THE WAR ON POVERTY
November 17, 2006
Low-tax and low-spending states enjoyed sizable decreases in poverty rates during the 1990s, while high-tax and high-spending states actually suffered increases in their levels of poverty, says Matthew Ladner of the Goldwater Institute.
According to his analysis of poverty rates from 1990-2000, Ladner found:
- The 10 states with the highest state spending per capita (Alaska, California, Delaware, Hawaii, Massachusetts, New Mexico, New York, Rhode Island, Vermont and Wyoming) saw an average increase of 7.3 percent of overall poverty rates and a 4.5 percent increase in childhood poverty.
- The 10 states with the lowest spending (Arizona, Colorado, Florida, Georgia, Missouri, Nebraska, Nevada, South Dakota, Tennessee and Texas) saw overall poverty decline by 11.2 percent and childhood poverty fall 12.2 percent.
- The two most populous states, California and Texas, could not have differed more; California's overall poverty rate increased 13.6 percent and childhood poverty rose 10 percent, while Texas' overall poverty rate declined 14.9 percent and its childhood poverty rate decreased by 17.3 percent.
- Overall, according to the 2004 definition of red and blue states, red states saw an average decline of 11.7 percent in poverty rates, while blue states saw an average increase of 2.7 percent.

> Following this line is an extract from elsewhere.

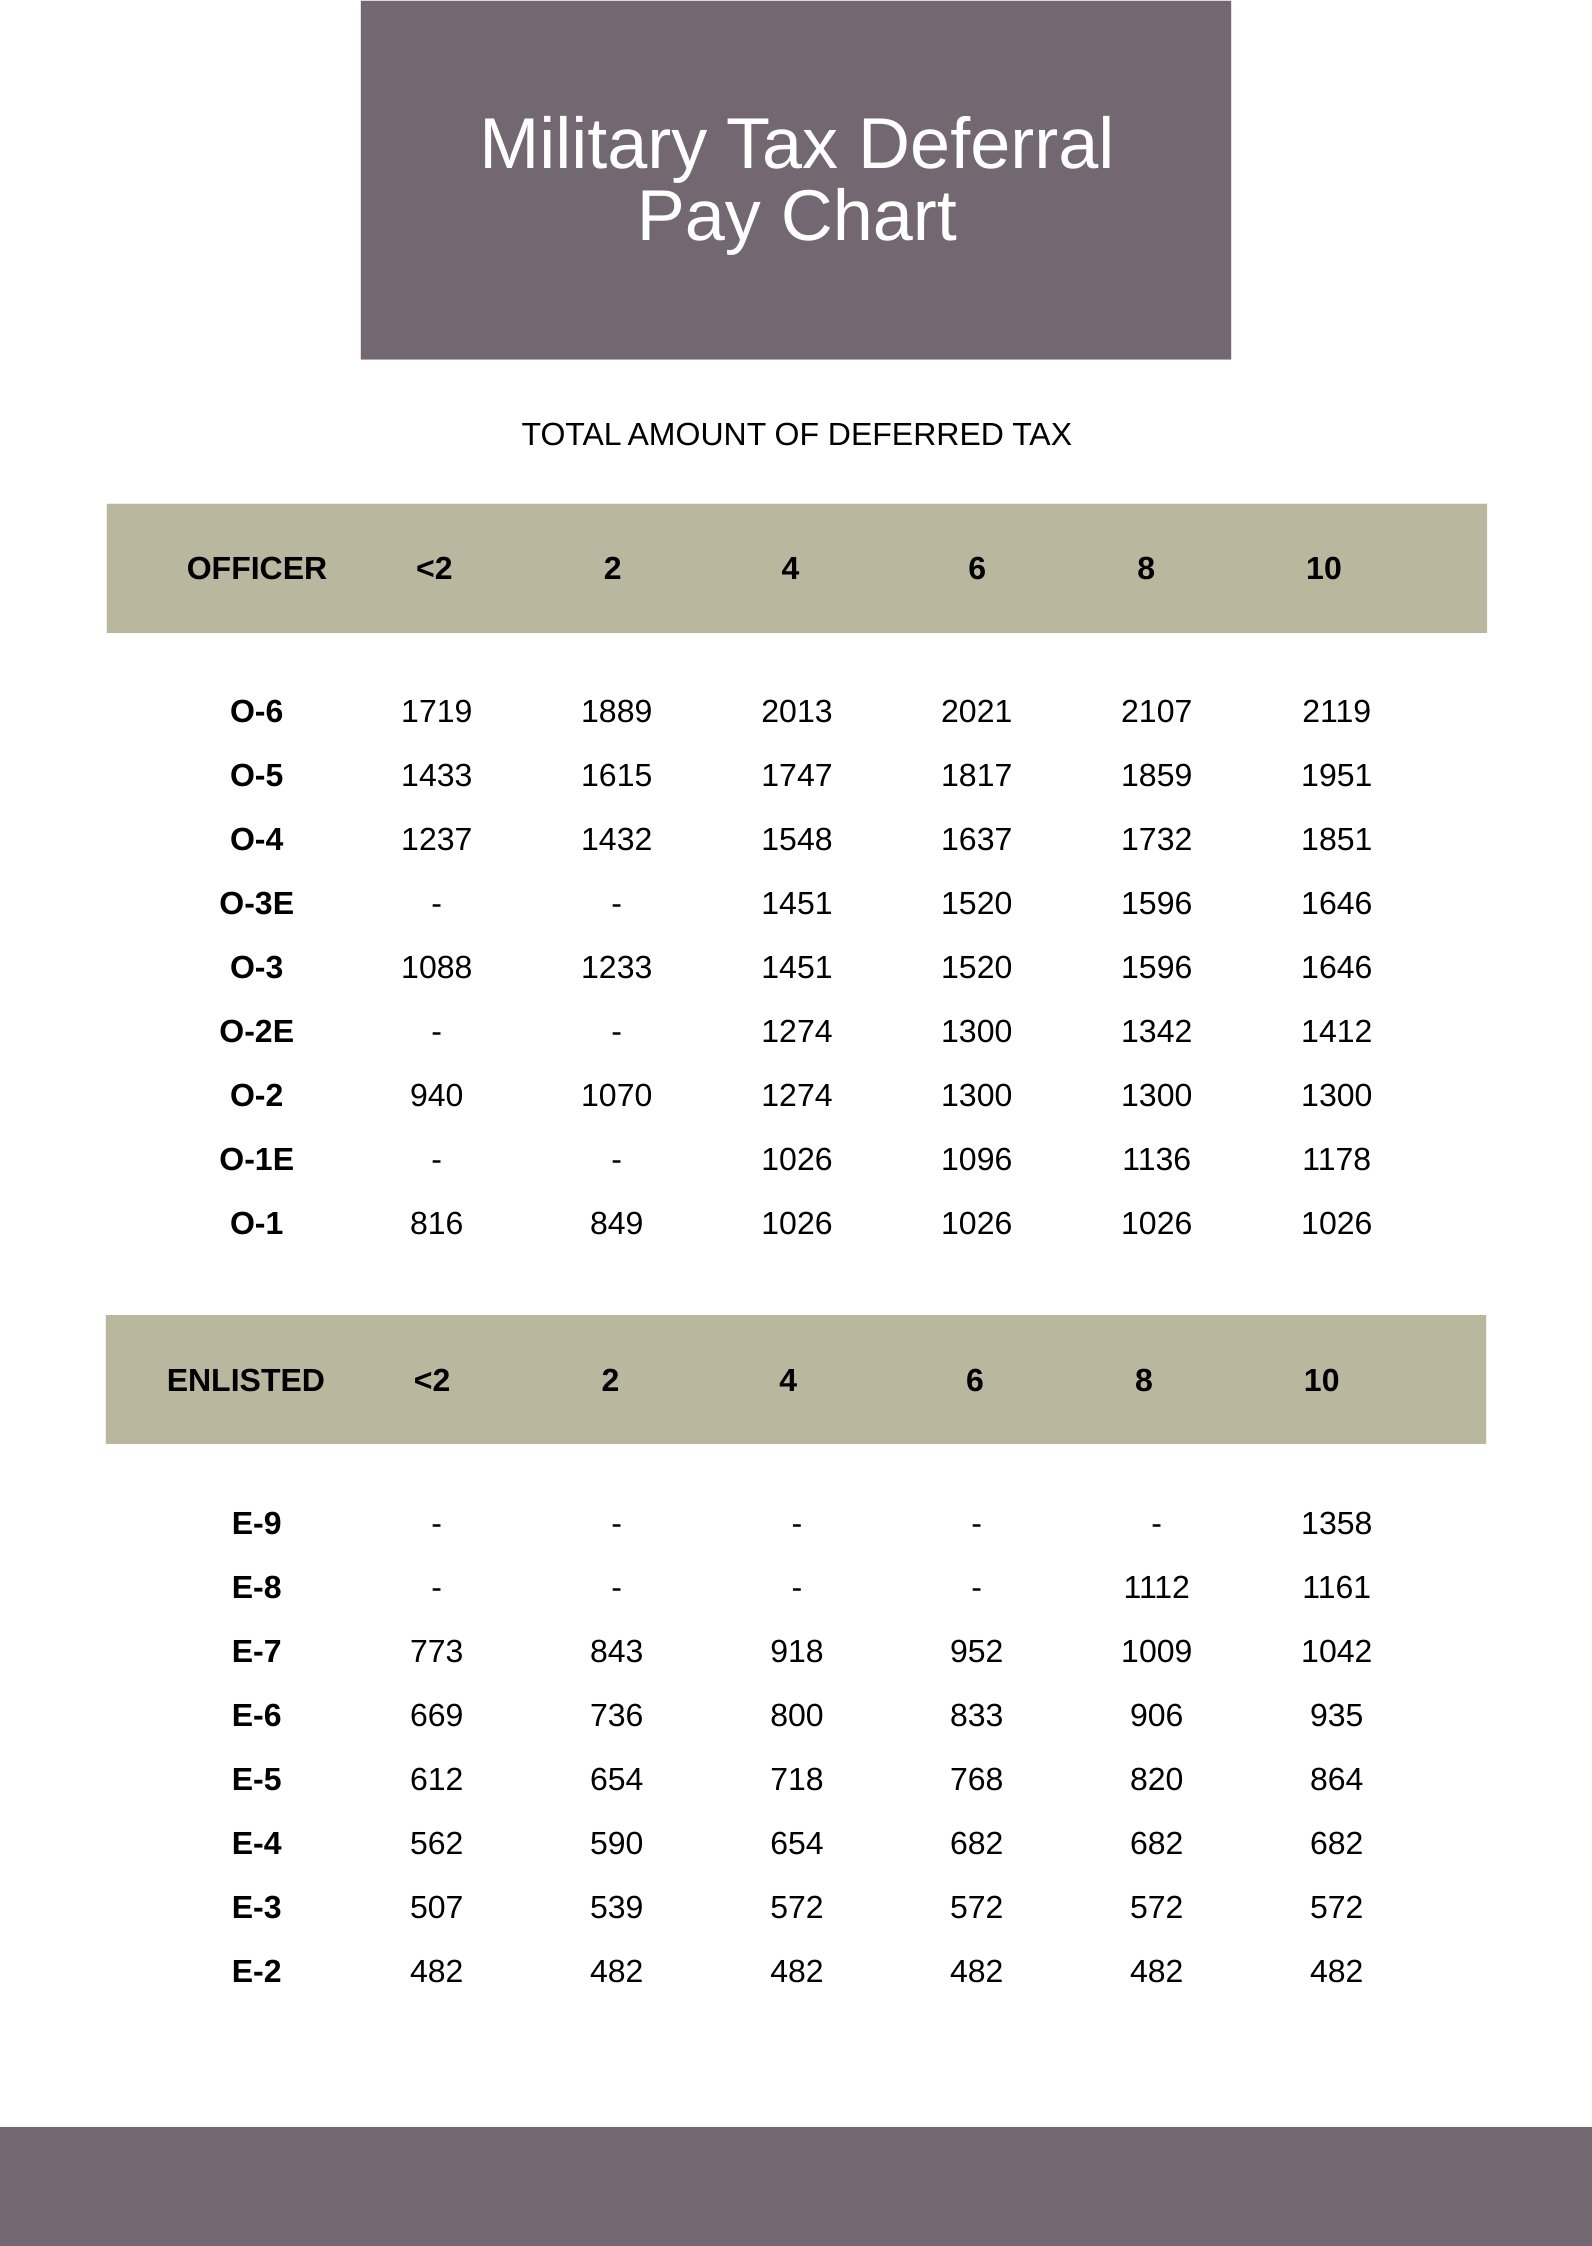 Military Tax Deferral Pay Chart

The dramatic declines in poverty in the "small government" states strongly confirms the hypothesis that reduced taxes and state spending encourages the emigration of people and businesses to areas where private-sector job growth is able to flourish and become a powerful and effective antipoverty program, says Ladner. And while taxes and business climate alone are not the only factors in reducing poverty rates, they certainly go a long way in helping fight the war on poverty.